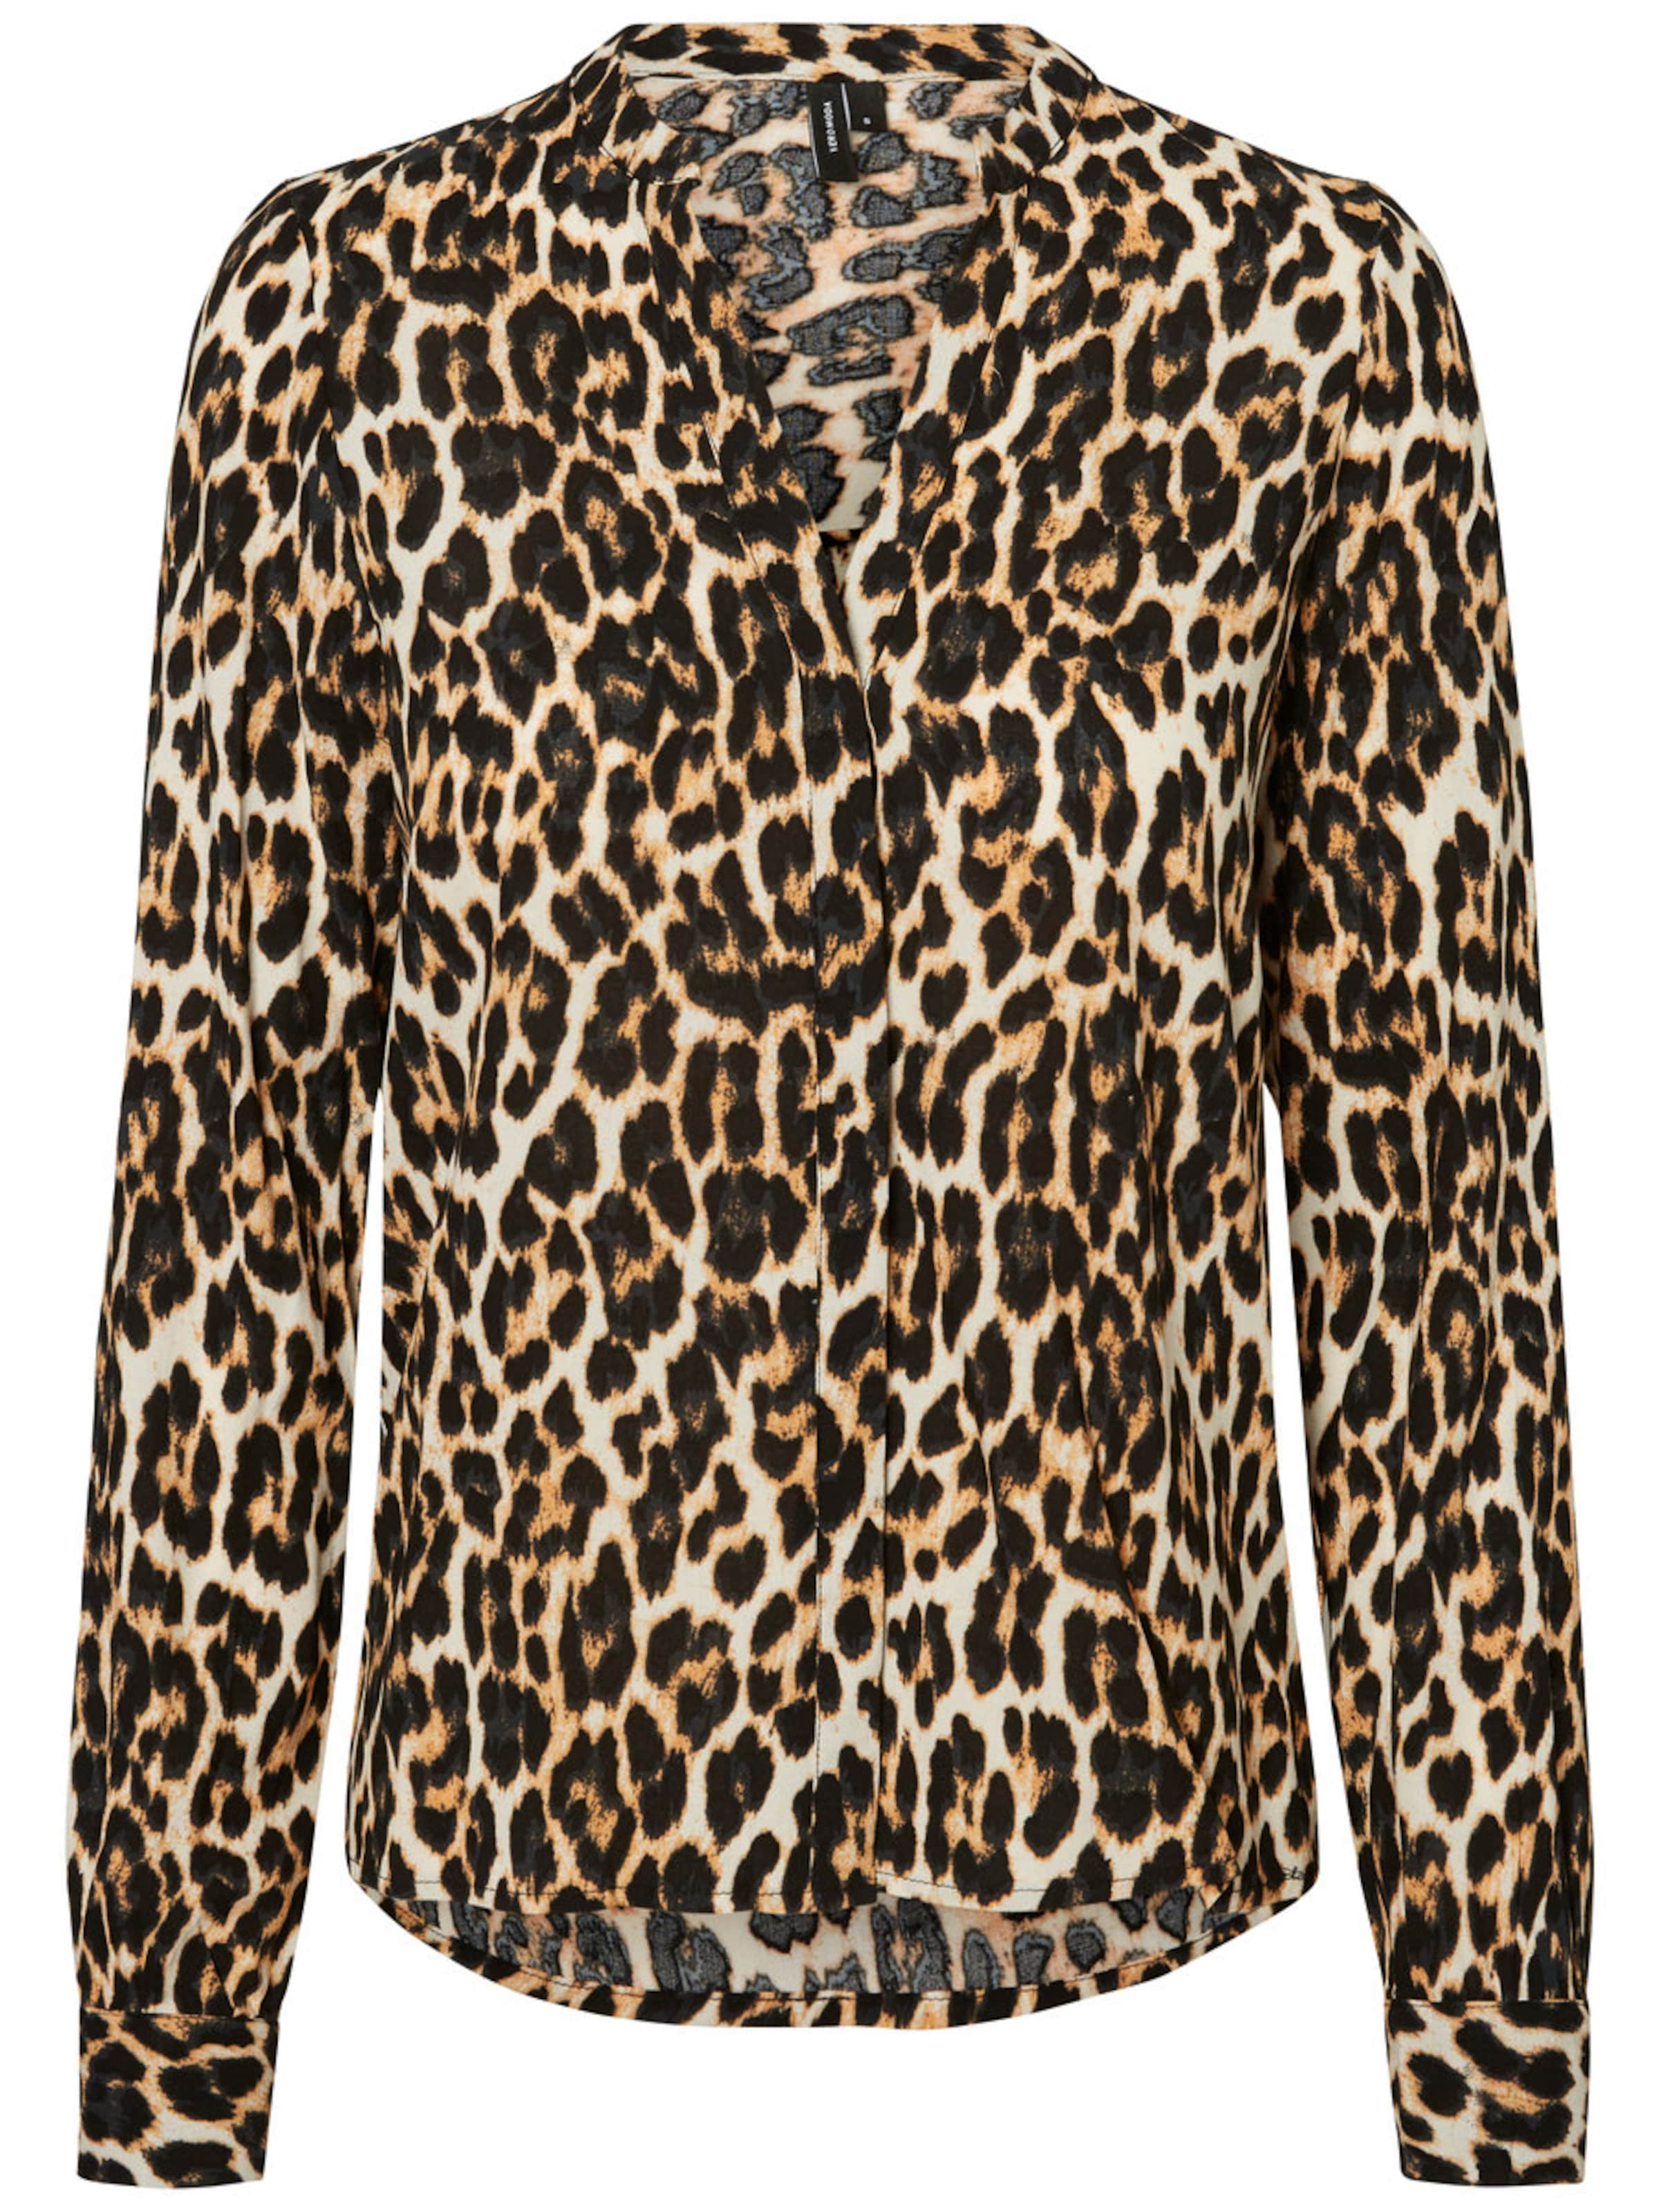 VERO MODA Bluse mit Leoparden Muster Zum Verkauf Preiswerten Realen Unisex Freies Verschiffen Schnelle Lieferung Kaufen Billig Kaufen Billig Finden Große 227xMpHP
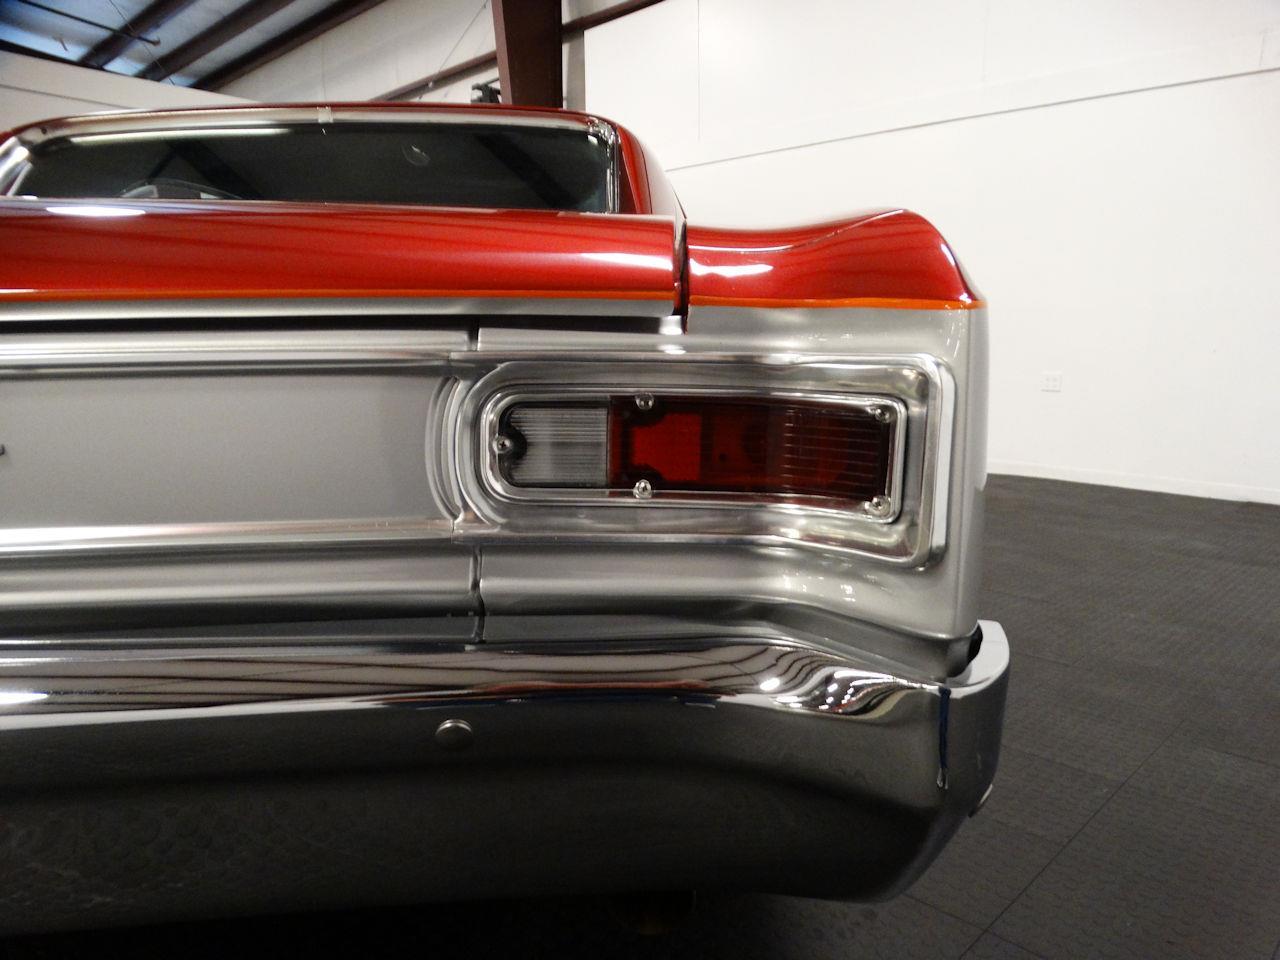 1966 Chevrolet Chevelle (CC-1389711) for sale in O'Fallon, Illinois
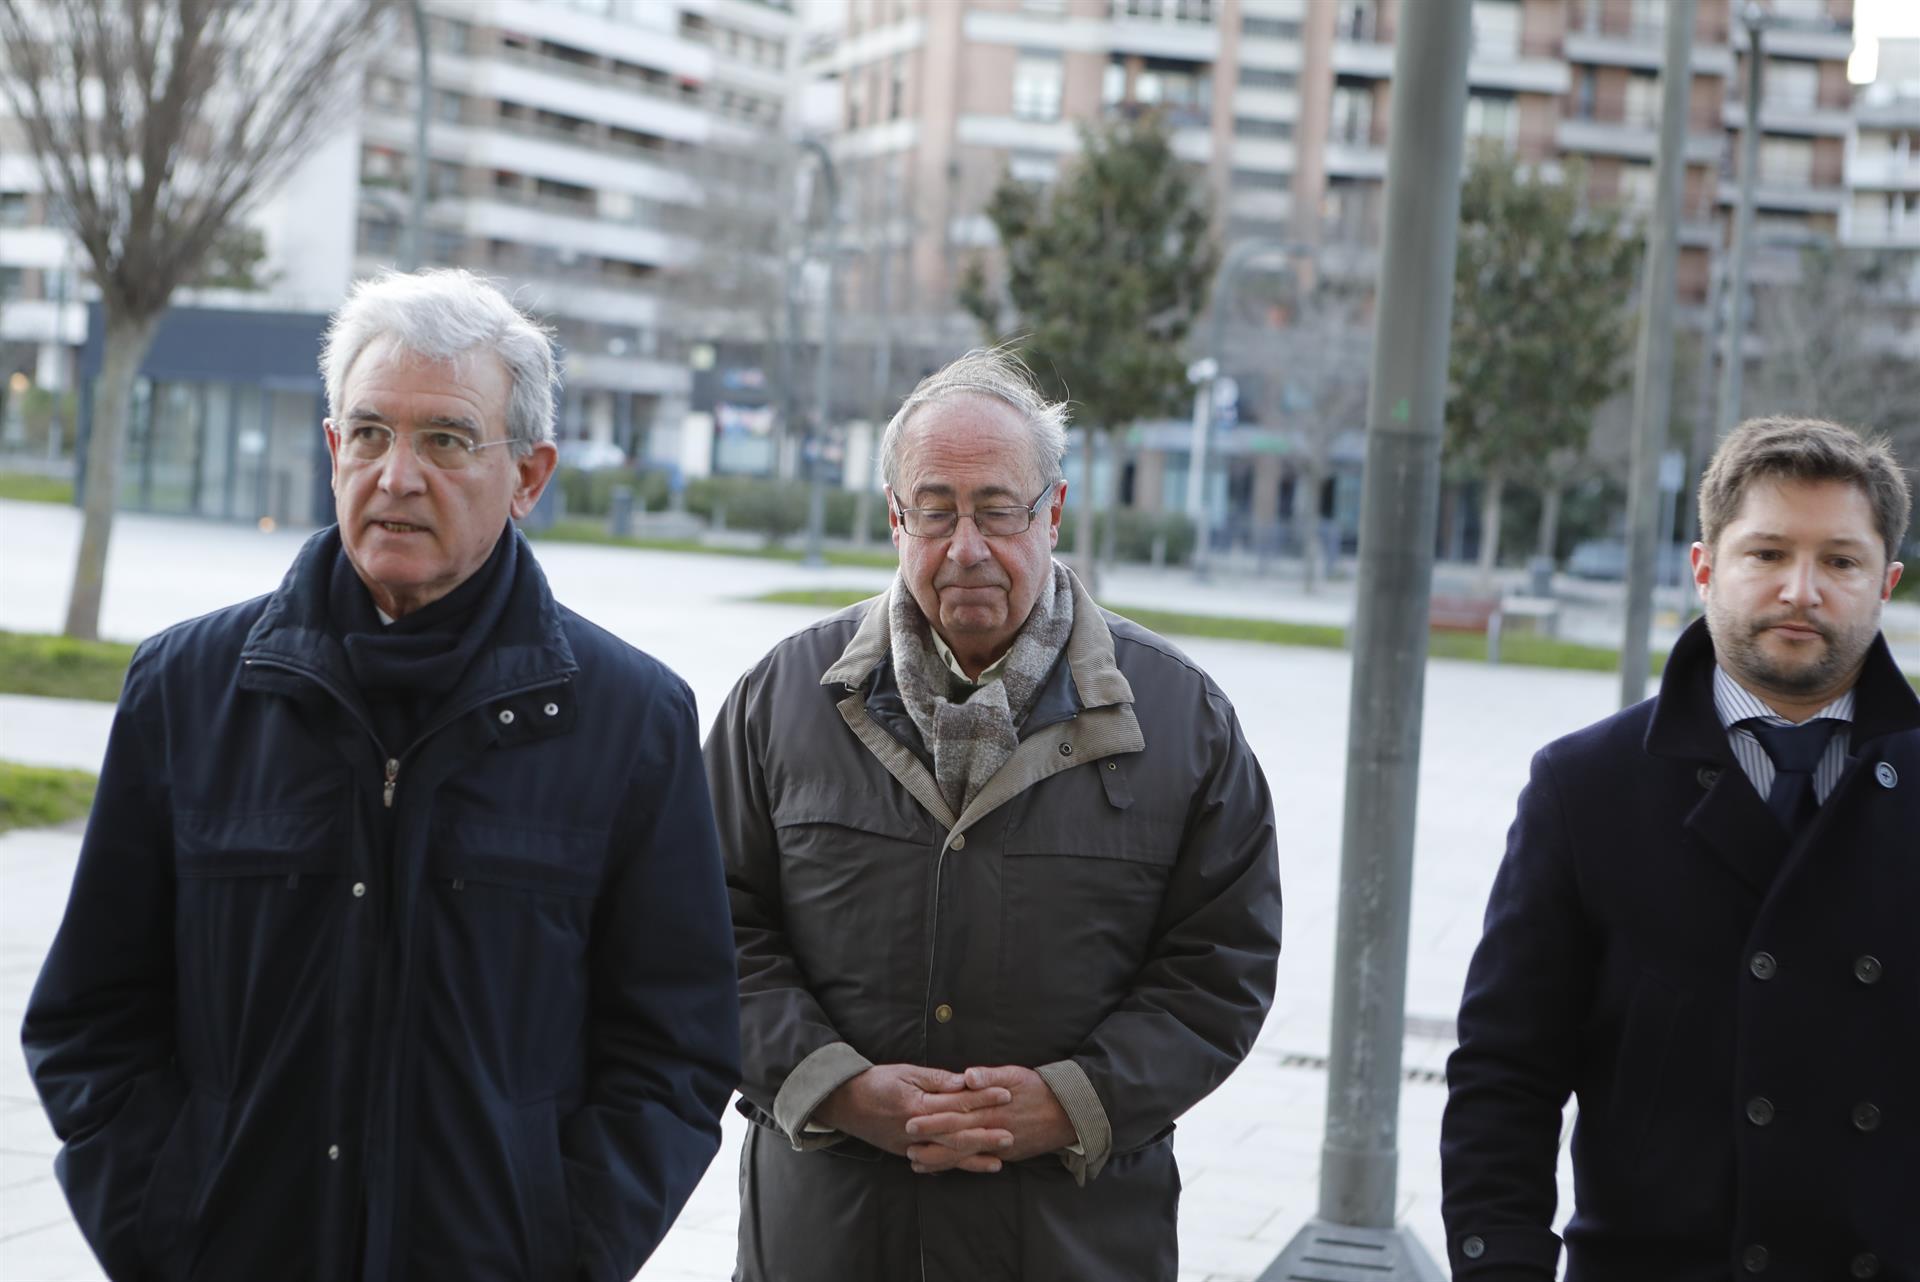 El exgerente de Osasuna dice que el club pagó en 2013 al Getafe por dejarse ganar y primó a Betis y Valladolid

What the exercise asks >> Retype the data above exactly; pictures are not part of the copy.

Exercise solution >>
 VERO MODA Bluse mit Leoparden Muster Zum Verkauf Preiswerten Realen Unisex Freies Verschiffen Schnelle Lieferung Kaufen Billig Kaufen Billig Finden Große 227xMpHP
 1966 Chevrolet Chevelle (CC-1389711) for sale in O'Fallon, Illinois
 El exgerente de Osasuna dice que el club pagó en 2013 al Getafe por dejarse ganar y primó a Betis y Valladolid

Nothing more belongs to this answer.